Creating a base64 encoder/decoder with Python - Part 1

Hello friend,

In this series, we are going to be creating a simple base64 encoder/decoder with python.

We are going to do so from scratch, the aim is to understand the underlying process of how it works.

What is base64 ?

Before attacking base64, we need to understand what a numbering system is.

We, as humans, use base10 as our standard numbering system. If I ask you to spit out all of the digits you know, you are going to answer back with :

0 1 2 3 4 5 6 7 8 9

10 defines how many symbols are in that numbering system.

There is also base2 or Binary, which , if you guess, has only 2 symbols, 0 and 1, and is pretty much a fundamental component of computing, electronics, digital technology…

Okey, what about base64 now ?

Following the same logic, base64 is a numerical system which uses 64 symbols to encode data.

Those symbols are [A-Z,a-z] , [0-9] ,+ and /

Here is the complete symbol table

Creating the symbol set

Now, first of all let’s build this table using python.
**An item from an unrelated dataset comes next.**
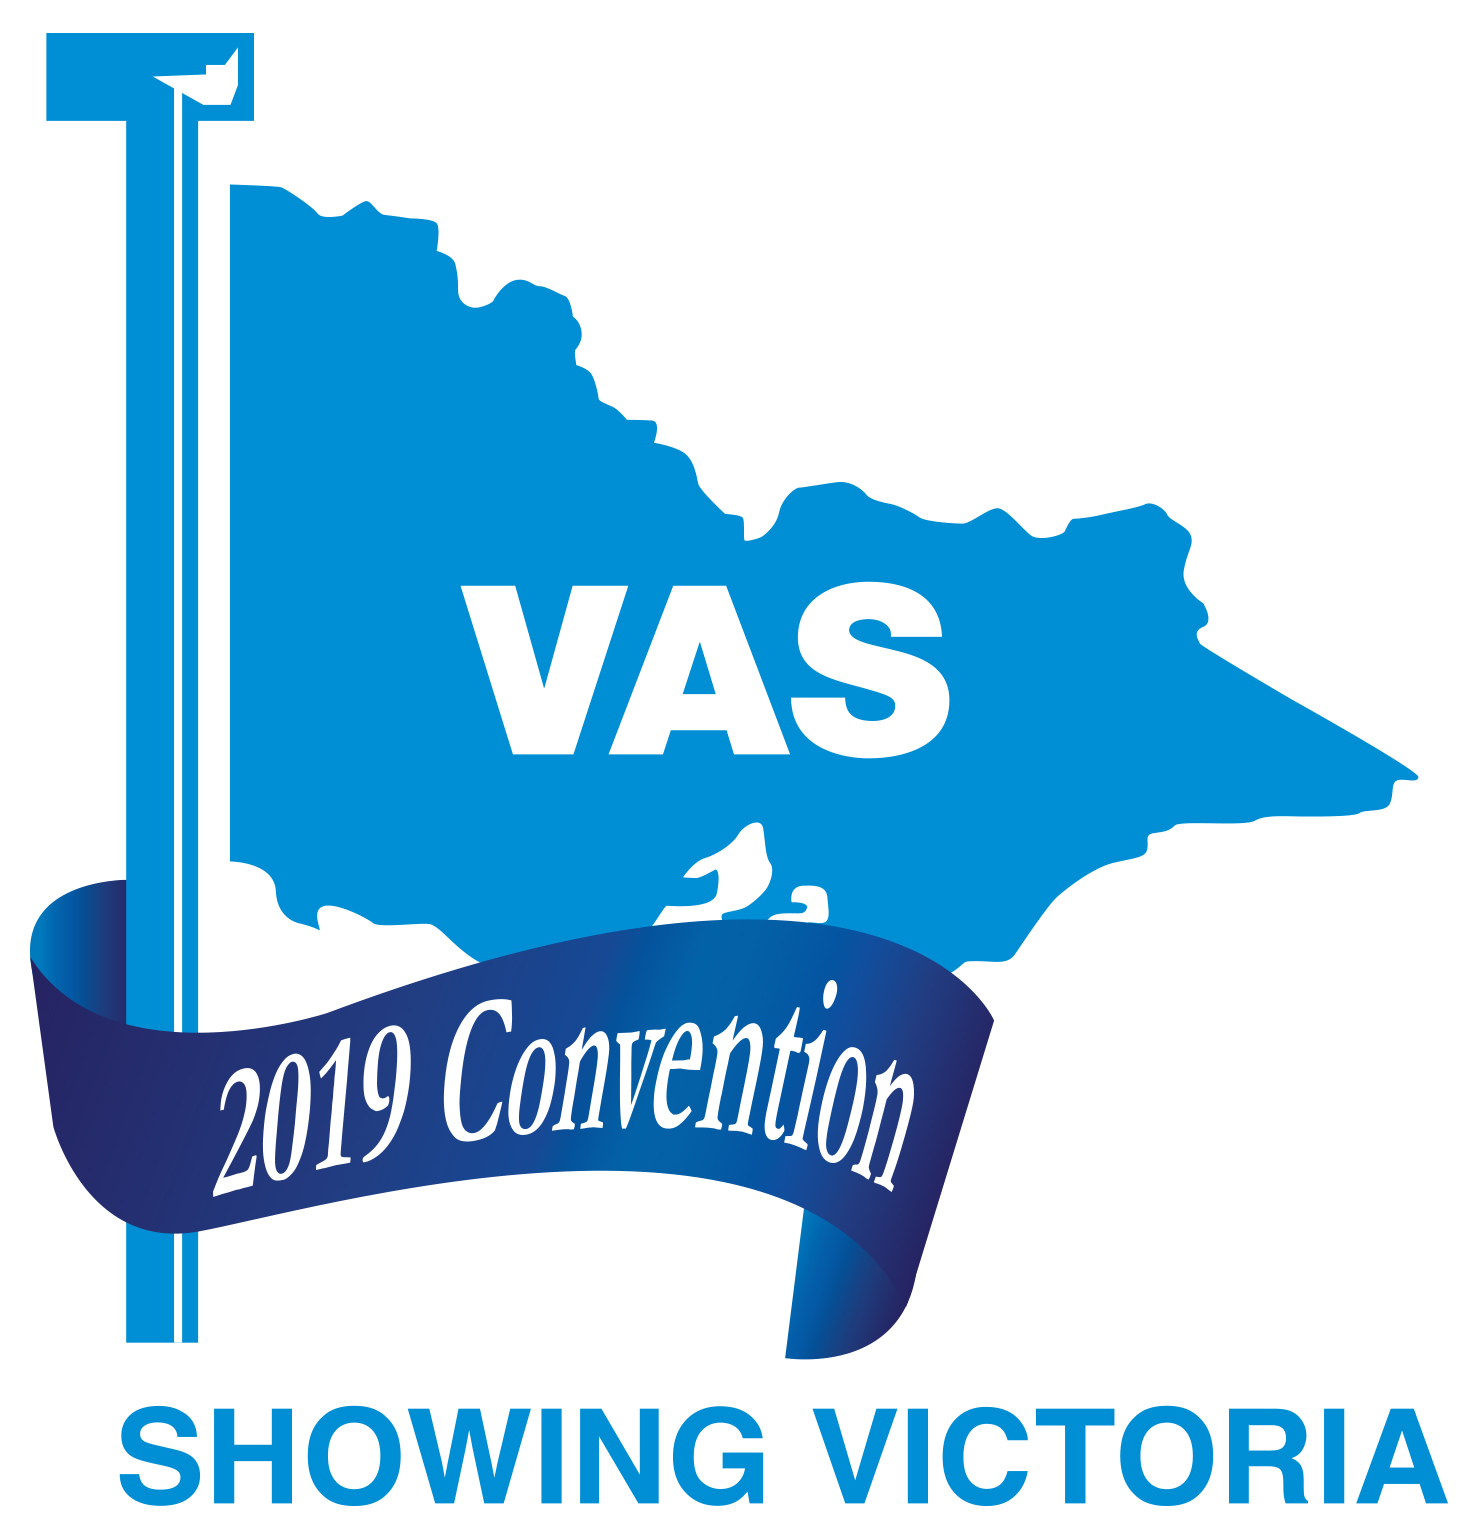 VAS LOGO 2019 Convention.jpg

Here is a very simple way of doing int it:

1
2
3
4
5
6
# creating the base64 symbol set
A_Z = [chr(i) for i in range(65,91)]
a_z = [chr(i) for i in range(97,123)]
zero_nine = [chr(i) for i in range(48,58)]
additional_chars = ['+','/']
base64_symbol_table = A_Z + a_z + zero_nine + additional_chars
1
2
print(base64_symbol_table)
['A', 'B', 'C', 'D', 'E', 'F', 'G', 'H', 'I', 'J', 'K', 'L', 'M', 'N', 'O', 'P', 'Q', 'R', 'S', 'T', 'U', 'V', 'W', 'X', 'Y', 'Z', 'a', 'b', 'c', 'd', 'e', 'f', 'g', 'h', 'i', 'j', 'k', 'l', 'm', 'n', 'o', 'p', 'q', 'r', 's', 't', 'u', 'v', 'w', 'x', 'y', 'z', '0', '1', '2', '3', '4', '5', '6', '7', '8', '9', '+', '/']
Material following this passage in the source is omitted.